I live outside Houston with my wife and our 9-month-old daughter. I’ve received a job offer from a company on the other side of the city that would pay, with bonuses, $25,000 a year more than I’m currently making. This would require moving to a new house and away from our extended family. My wife wants to move because my mom can be a little overbearing. I understand how she feels, but I’m not certain I want to move or take a new job. What’s your advice?
I’m not so sure this is a job change question as much as it is about the state of your relationships. I know it’s hard to keep the grandparents away when there’s a baby in the house; that kind of goes with the territory. But I can also understand how lots of unexpected visits and unsolicited advice can wear on a person.
If it were me, I wouldn’t change jobs just to run from something. My advice is to try setting boundaries in your relationships with your parents instead of installing geographical boundaries. You might want to pick up a copy of Dr. Henry Cloud’s great book Boundaries. Remember, your mom may not realize she’s intruding on your lives. This book is full of insight, and it will give you both some good advice on how to manage relationships in a healthy, loving way.

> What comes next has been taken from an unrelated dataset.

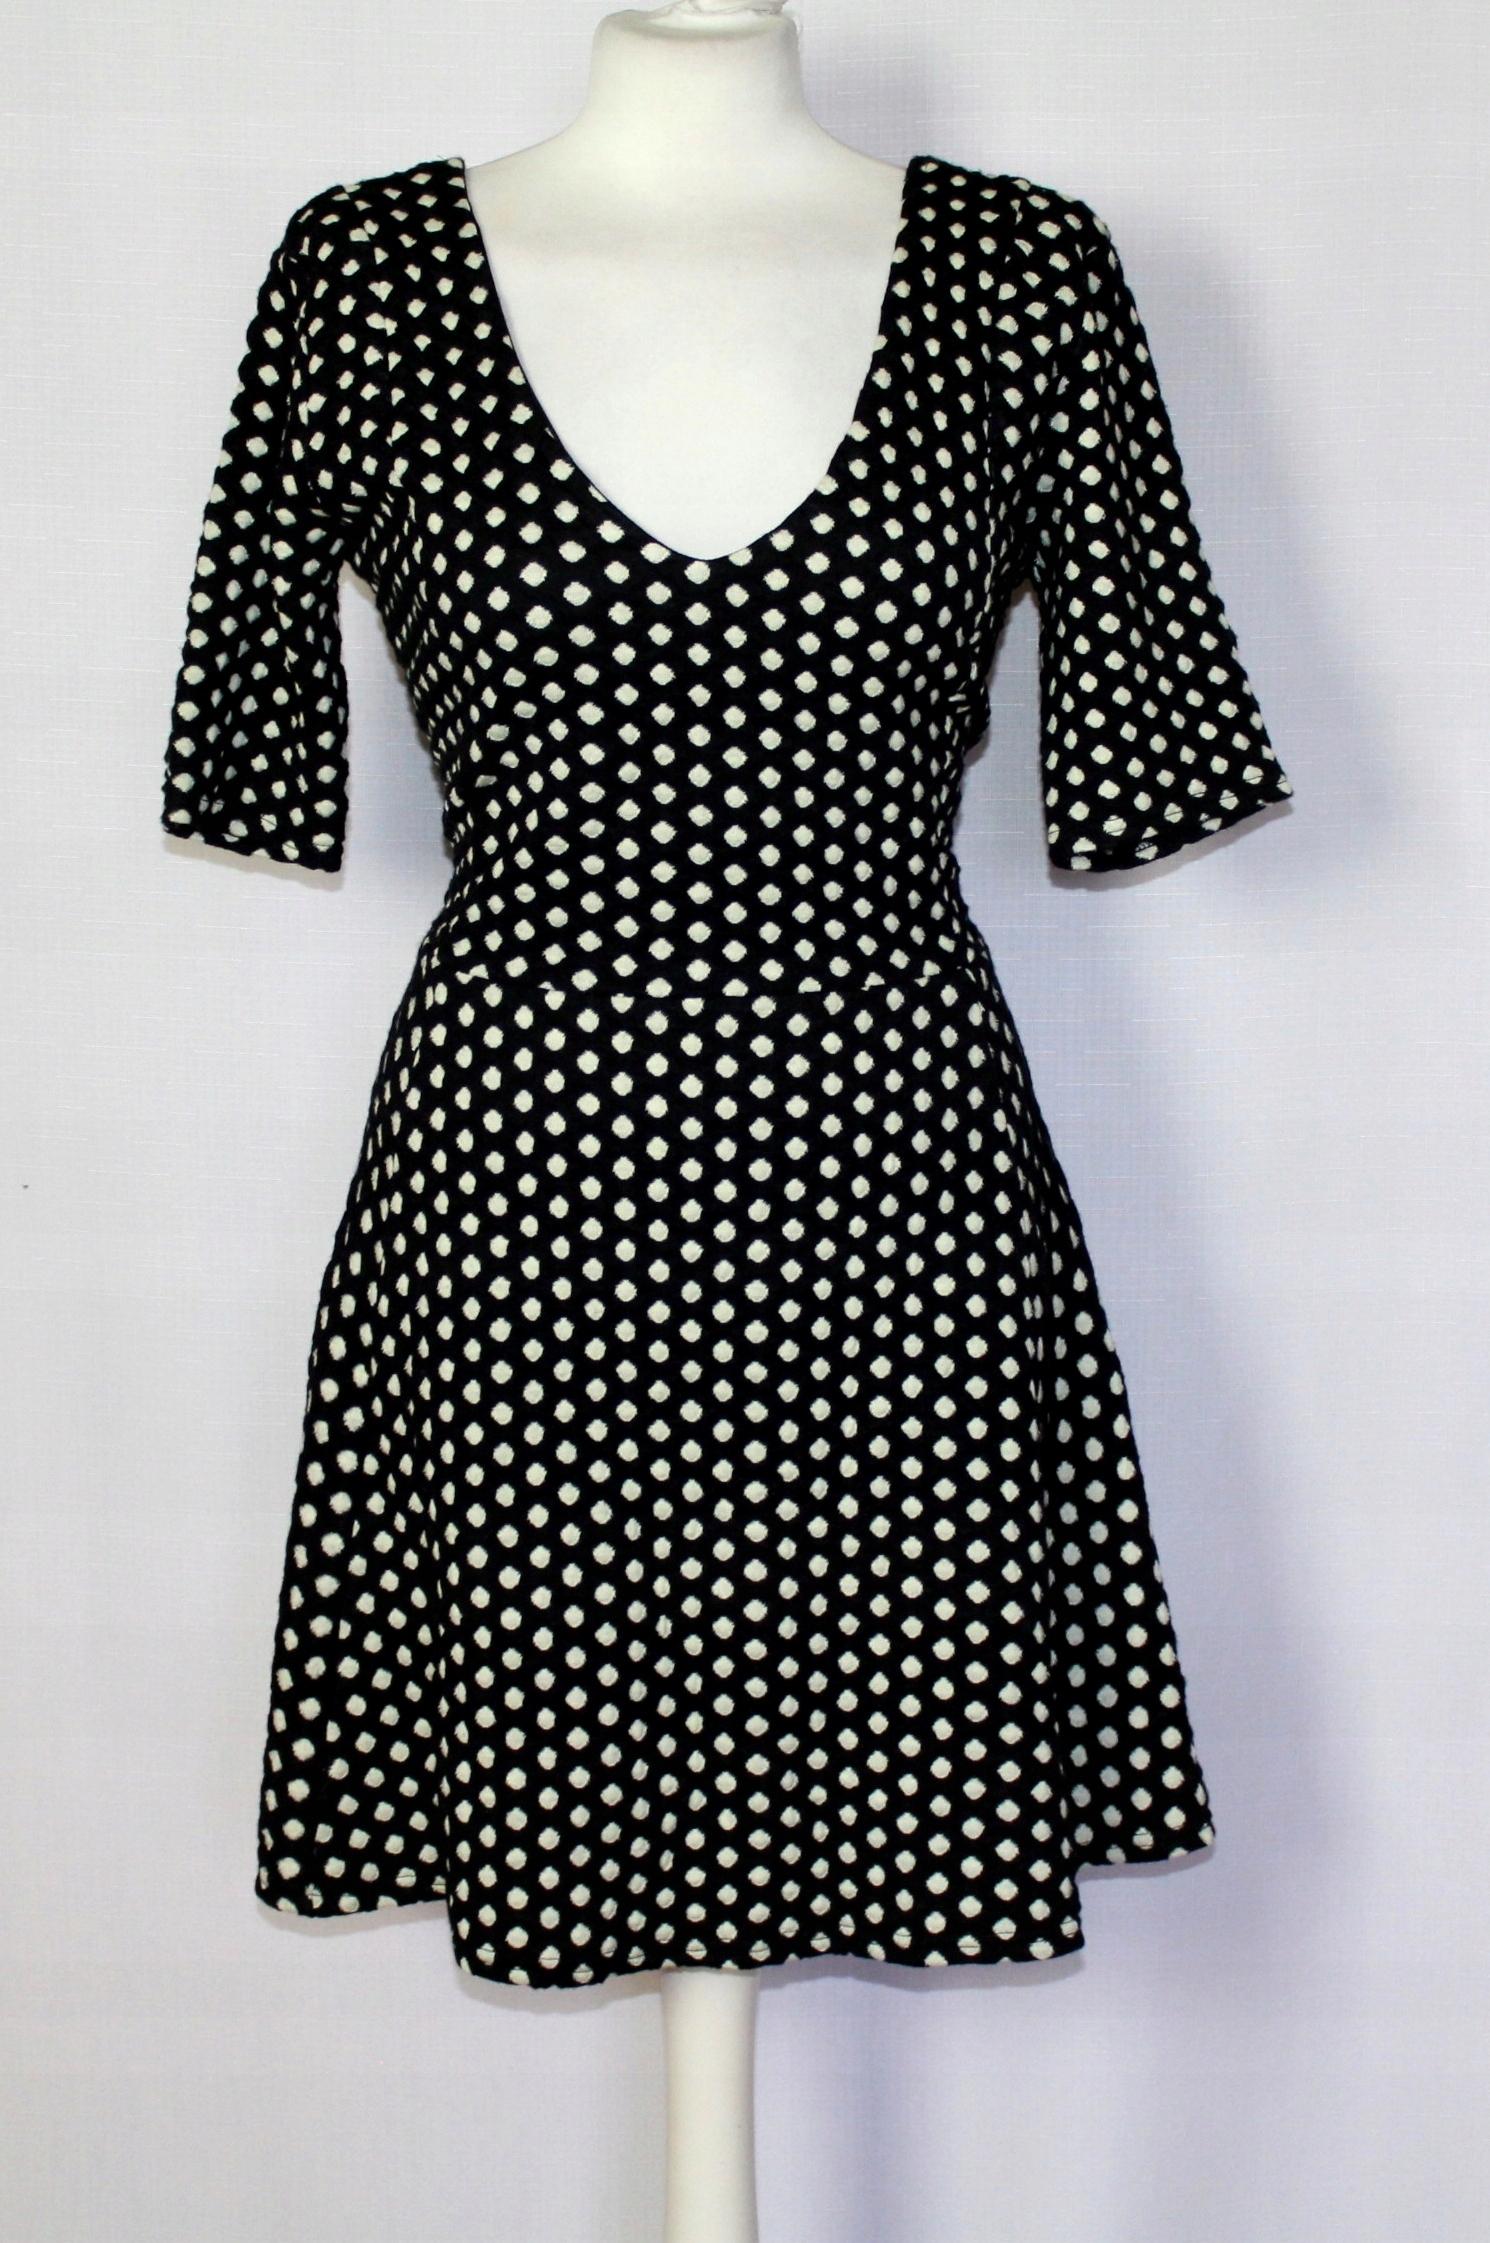 330e4ea20e Czarna sukienka w grochy pin-up girl 44 XXL 16 - 7559153587 ...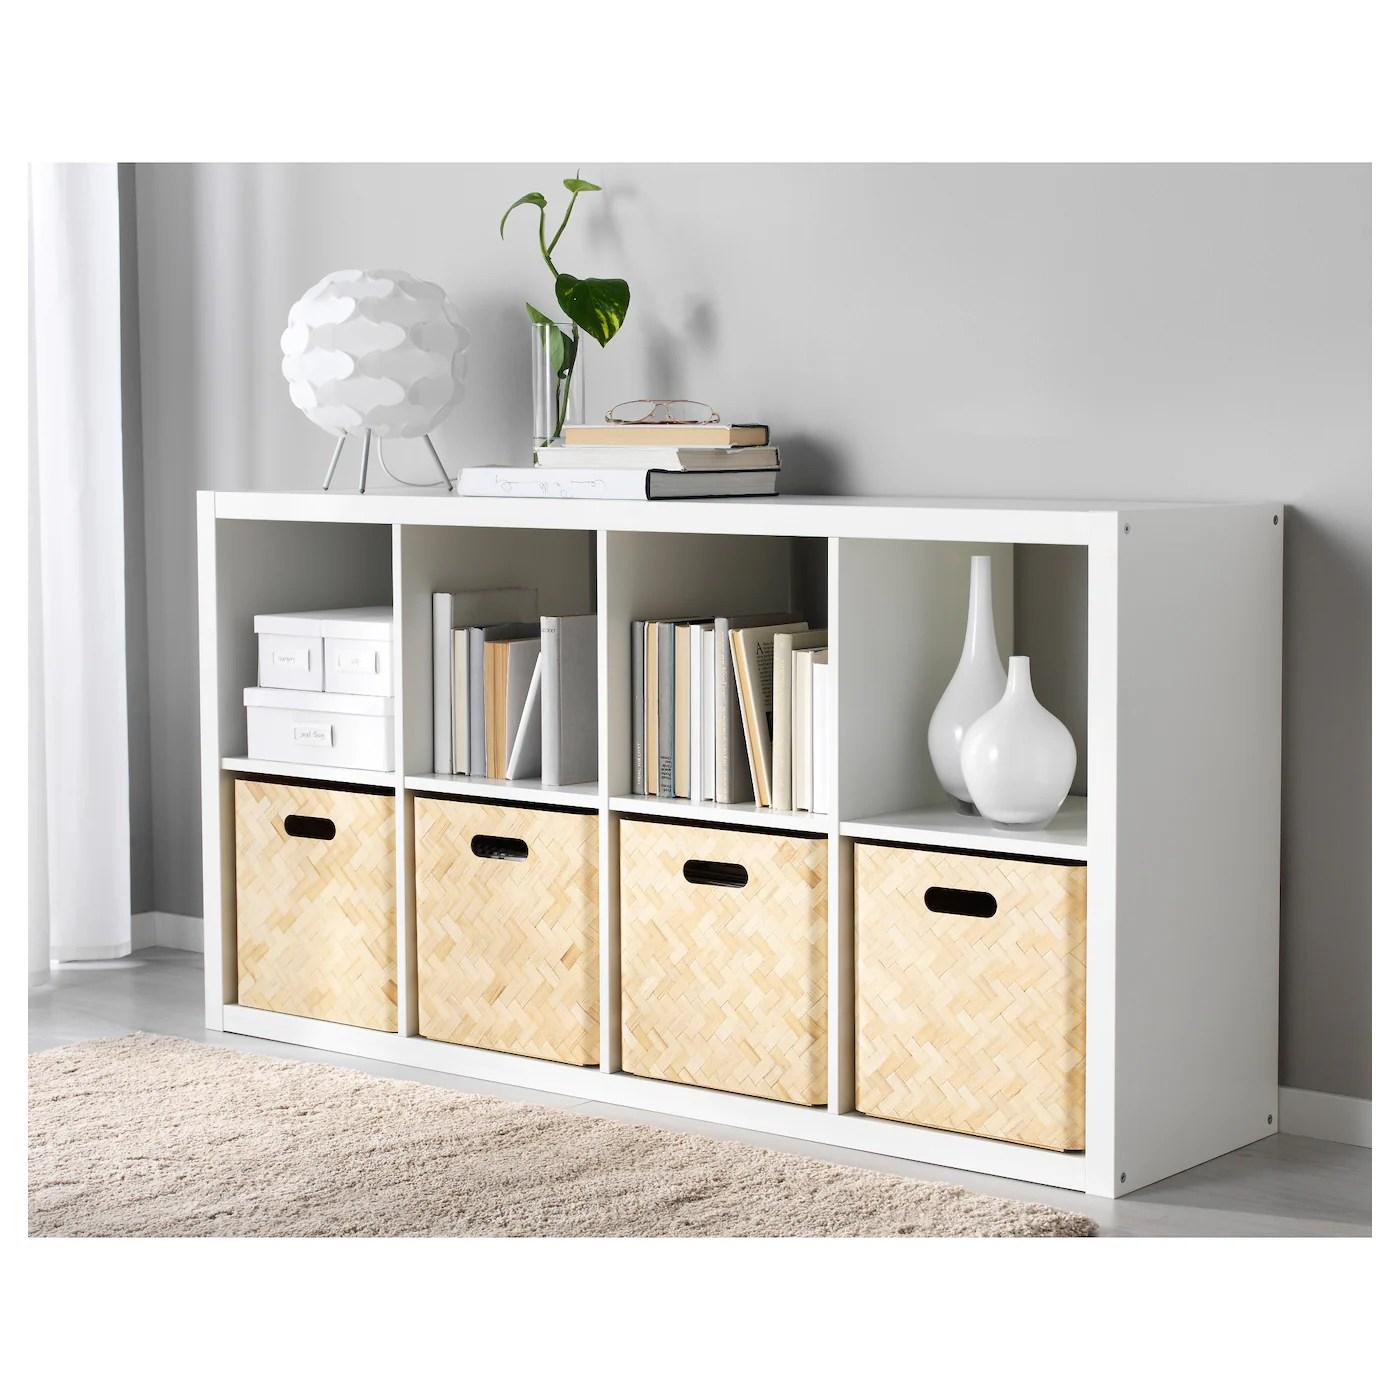 Ikea Mobelfusse Luxus Mobelfusse Holz Ikea Lillngen Bein Ikea Savboya

Like I said, I really don’t feel this is a job-move issue. I think you guys just need to establish some fair and reasonable emotional distance between yourselves and your family.
* Dave Ramsey is America’s trusted voice on money and business. He’s authored four New York Times best-selling books: Financial Peace, More Than Enough, The Total Money Makeover and EntreLeadership. The Dave Ramsey Show is heard by more than 6 million listeners each week on more than 500 radio stations. Follow Dave on Twitter at @DaveRamsey and on the web at daveramsey.com.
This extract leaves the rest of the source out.